Data excerpt —
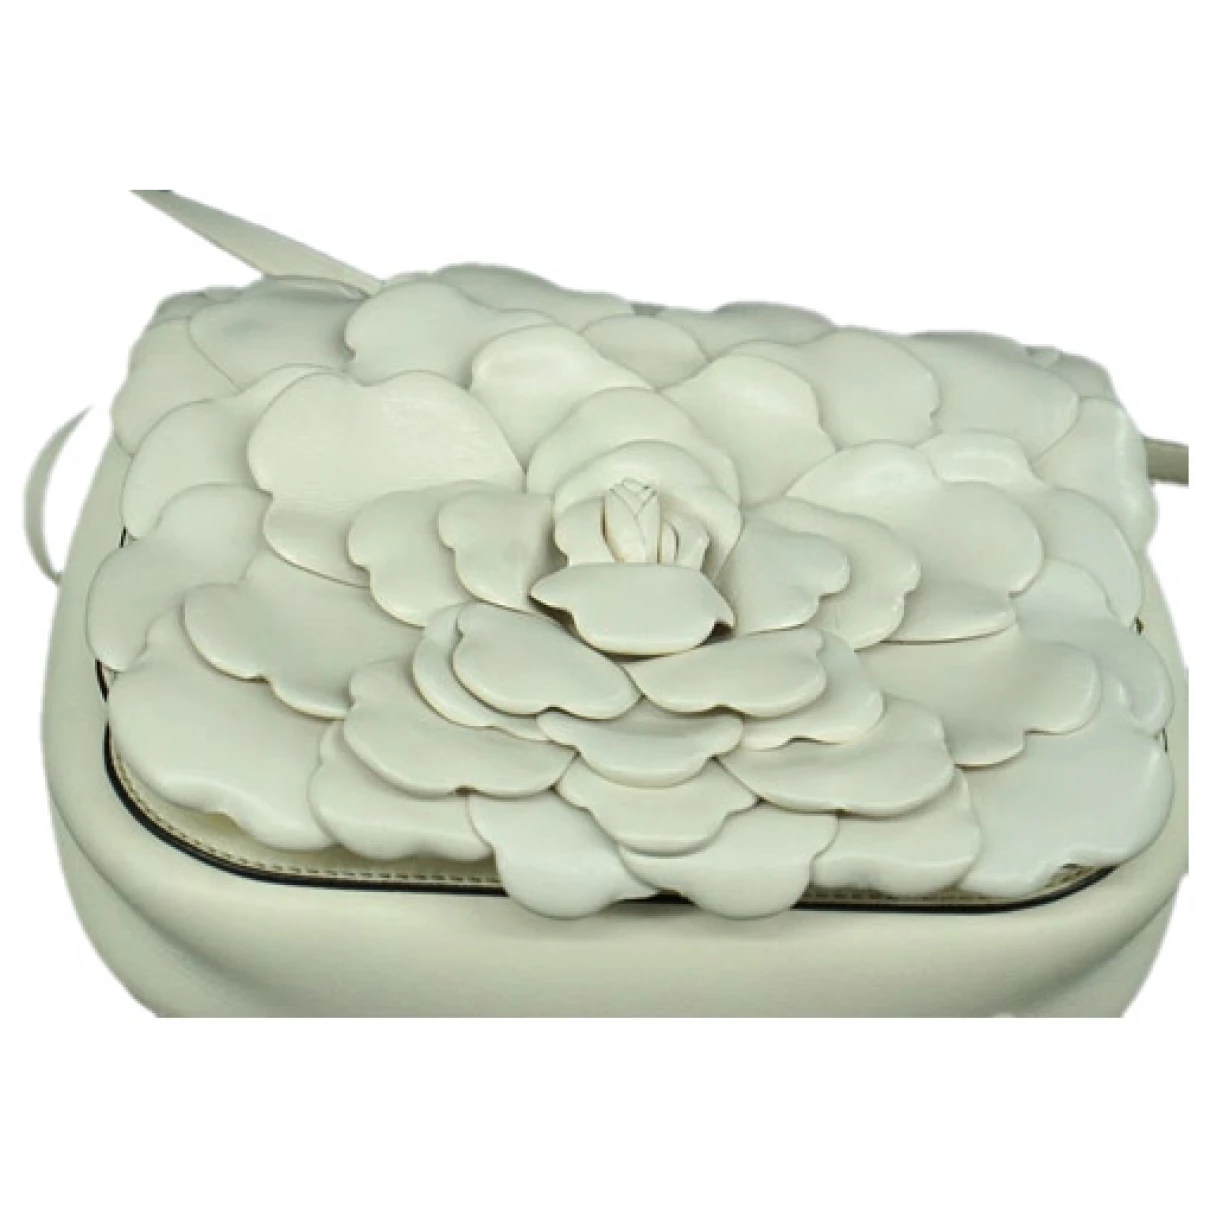 Pre-owned Valentino Garavani Atelier Leather Handbag In White
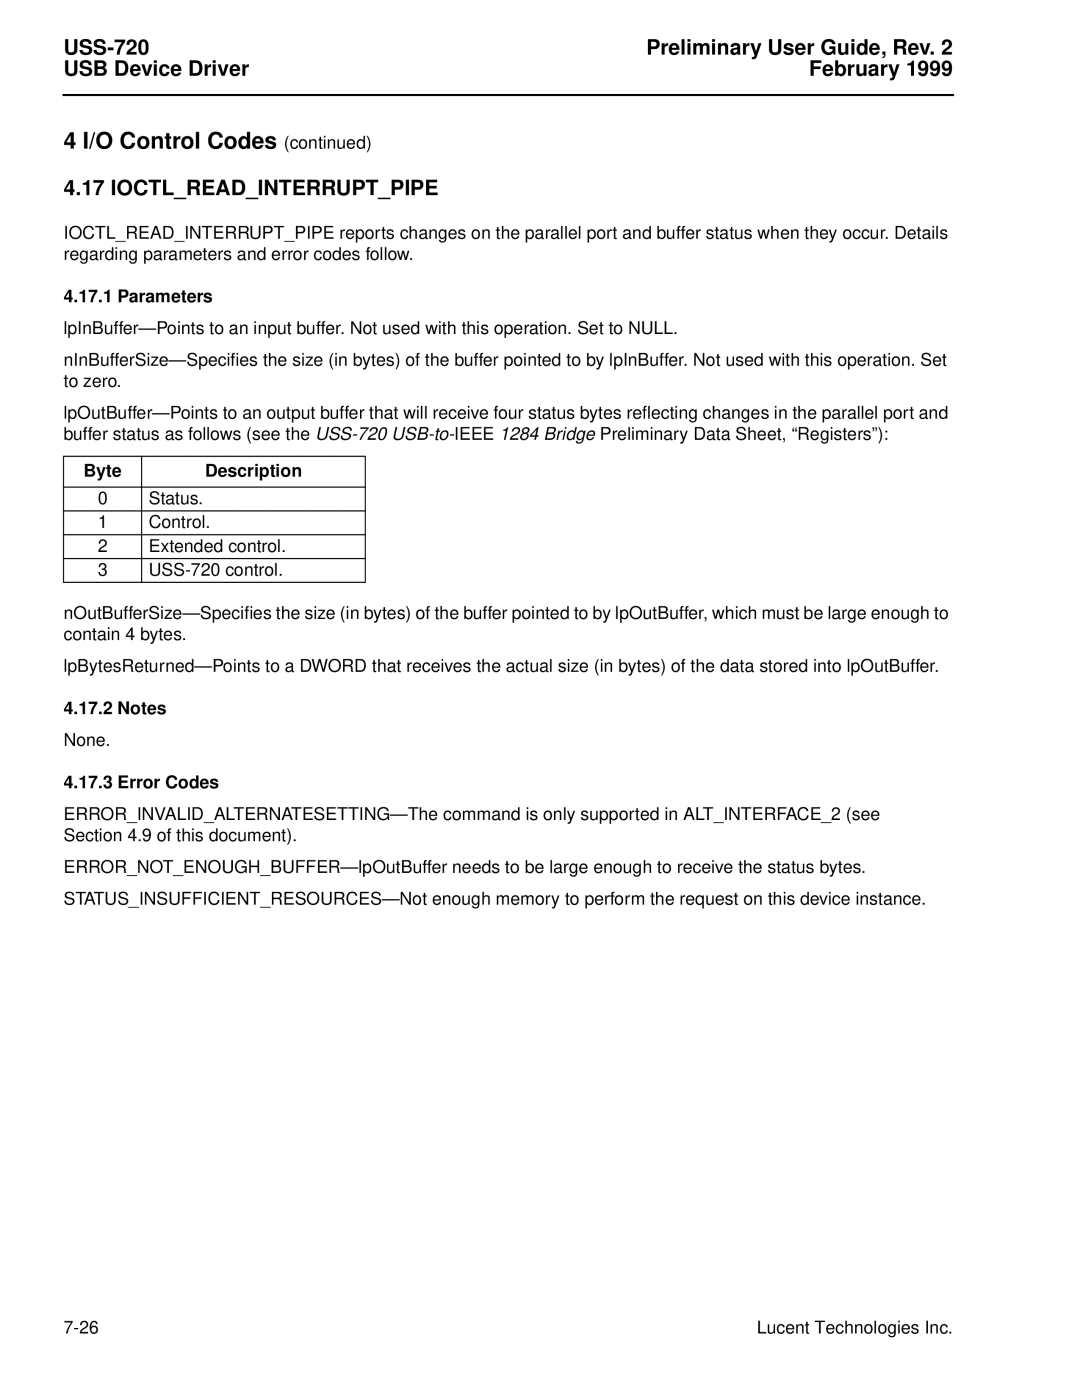 Lucent Technologies USS-720 Ioctlreadinterruptpipe, 4 I/O Control Codes continued, Preliminary User Guide, Rev, February 
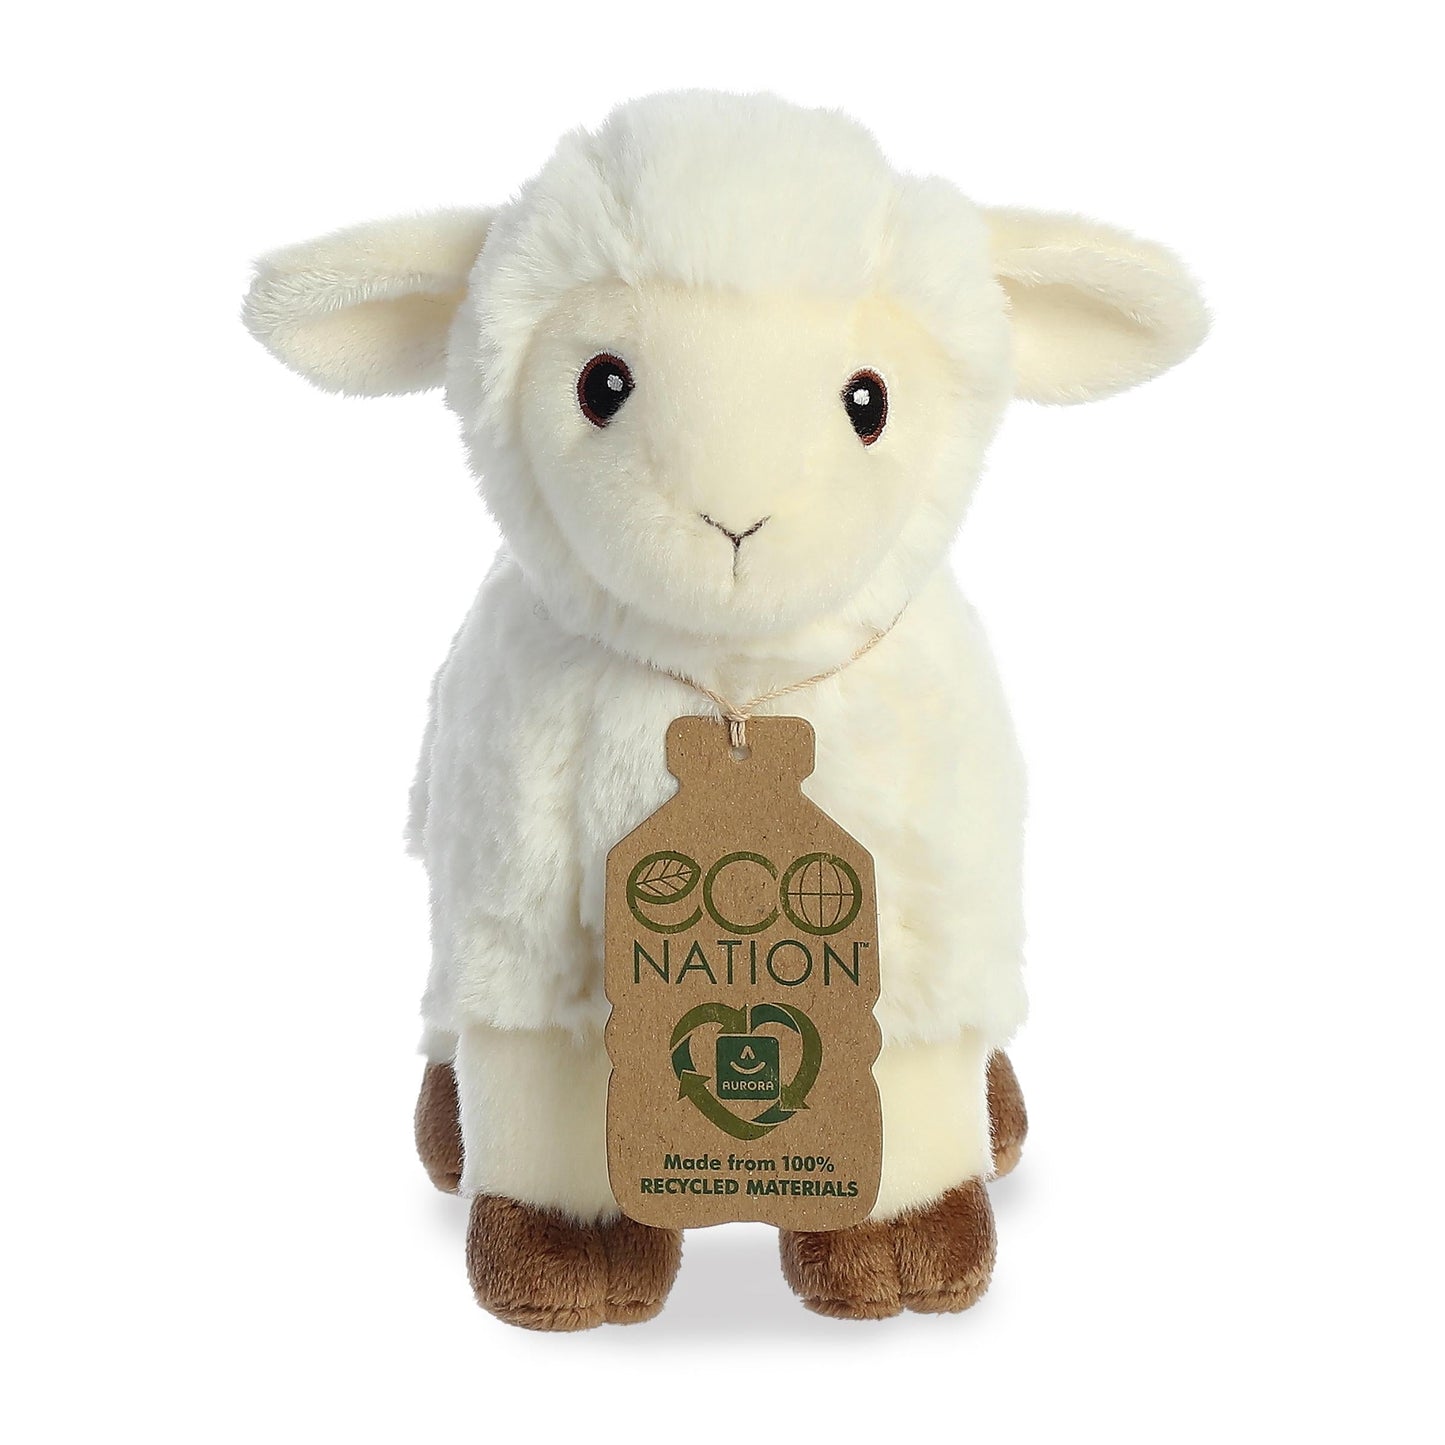 8" Lamb Eco Nation
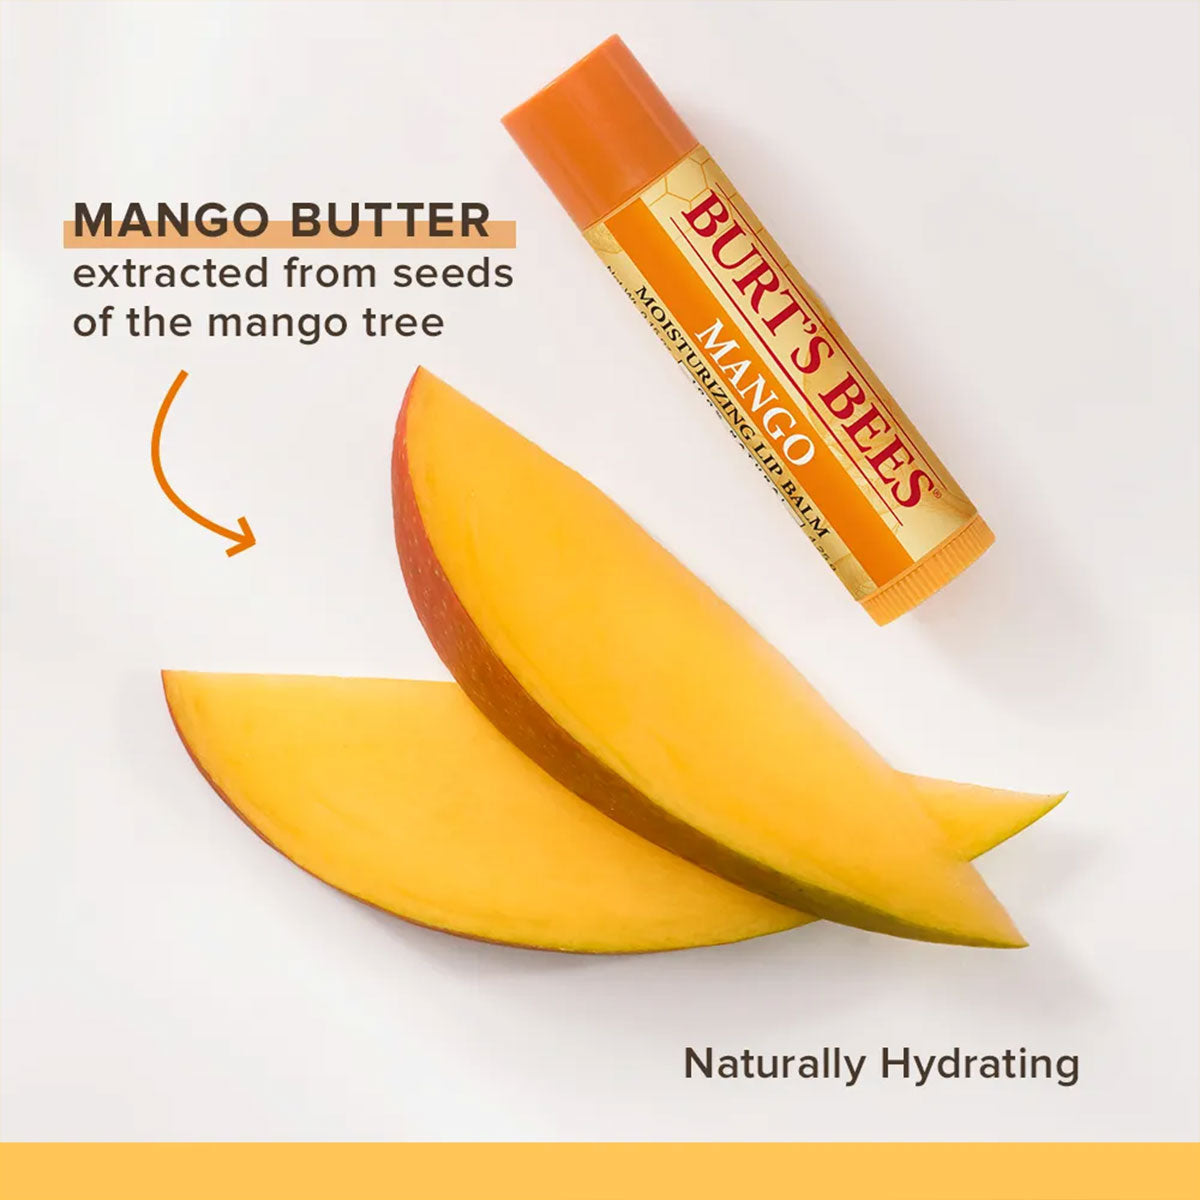 Bálsamo labial Blister Mango Burt’s Bees 4 gr - 🐝🍃 producto 100% natural

Required action — Retype all of the material above exactly; the pictures stay out.

Response box —
 Pre-owned Valentino Garavani Atelier Leather Handbag In White
 Lucent Technologies USS-720 Ioctlreadinterruptpipe, 4 I/O Control Codes continued, Preliminary User Guide, Rev, February 
 8" Lamb Eco Nation
 Bálsamo labial Blister Mango Burt’s Bees 4 gr - 🐝🍃 producto 100% natural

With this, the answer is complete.